The Song Keepers (2017): I was a little disappointed by
Naina Sen’s documentary about the history of Aboriginal Women’s Choirs singing
German Lutheran hymns translated (and wonderfully and wondrously changed) into
their respective languages and one contemporary choir’s travel to Germany to
perform these hymns there. It’s the kind of film you really want to like - it’s
about people who more than deserve their moments, fascinating (and pretty
beautiful) music, and the messiness of colonial history, after all. But its
execution is rough, with way too many scenes of everyone complimenting everyone
else on their awesomeness, scenes that seem to belong into a private holiday
video more than into a documentary, intercut with interviews that reach from the
bland, to the informative, to the sort of thing that’ll make every sane person
cry, all mixed with little focus or artistry in a manner that often borders on
the random.
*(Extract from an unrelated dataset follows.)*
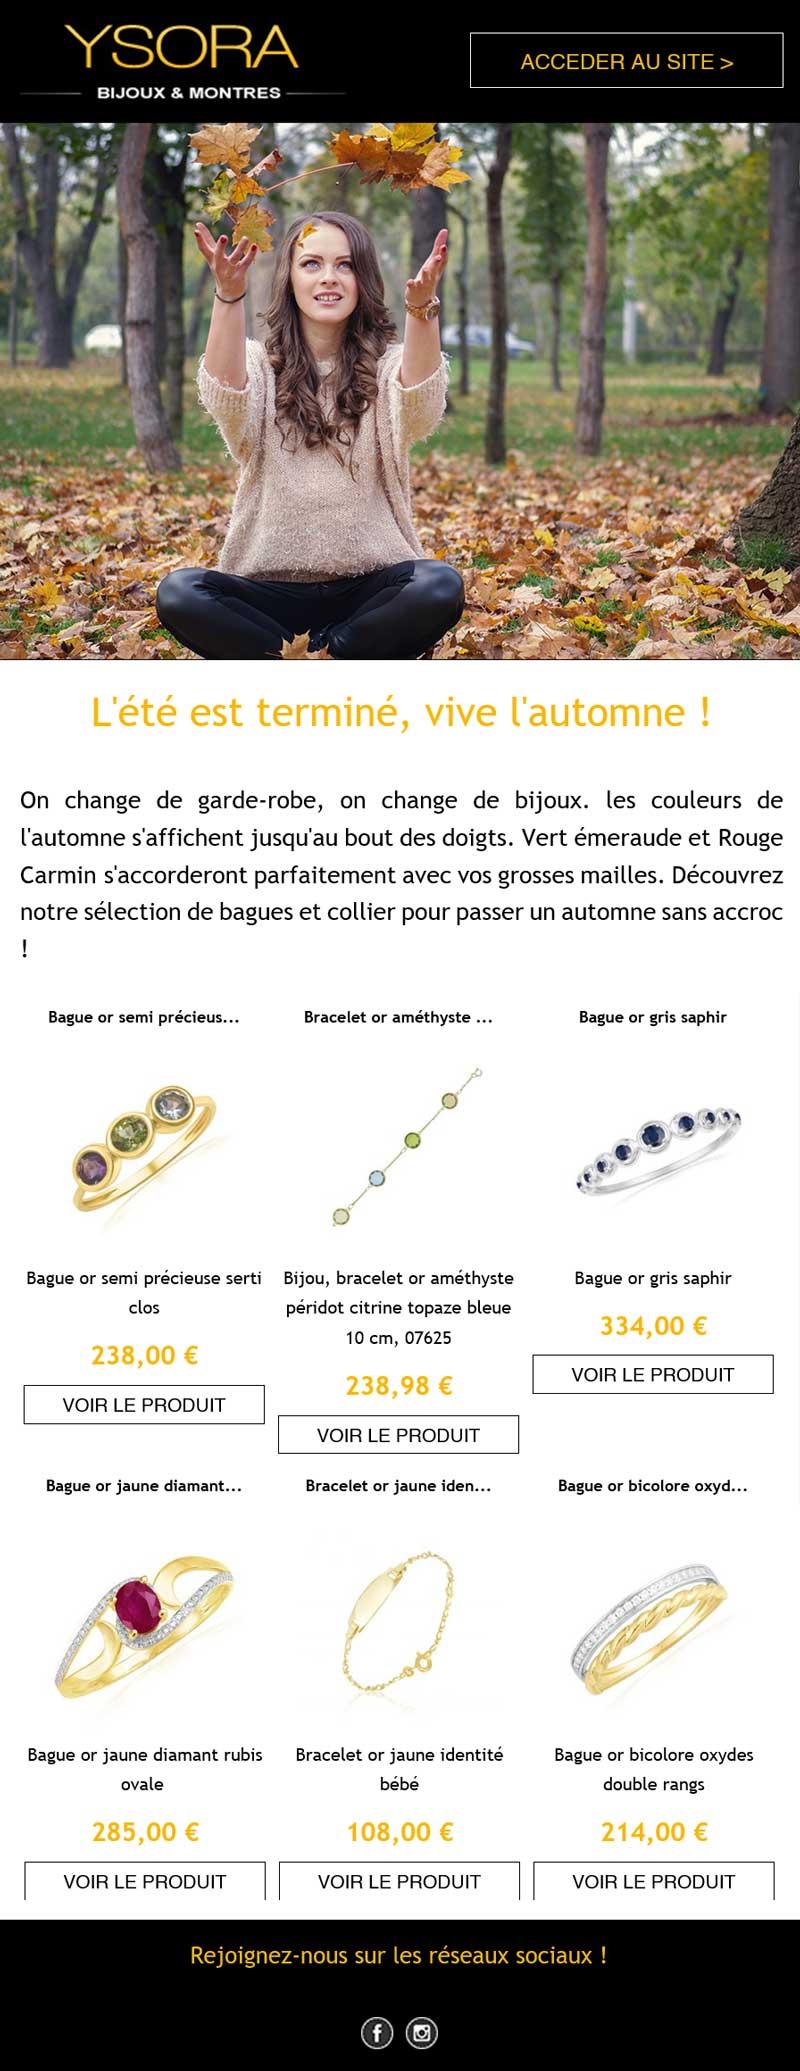 Newsletter Ysora - octobre 2019

It’s a shame, really, because these women and their stories are much
more interesting and important than the film’s presentation makes them out to
be.
I Know Where I’m Going (1945): One of the strengths of The
Archers – Michael Powell and Emeric Pressburger – was to make films that
combined a sense of place and landscape – here the coast of Scotland – and a
naturalistic feel set apart from the stagey predilections of much of British
cinema of their time with a sense of mood and metaphor that was (and still is)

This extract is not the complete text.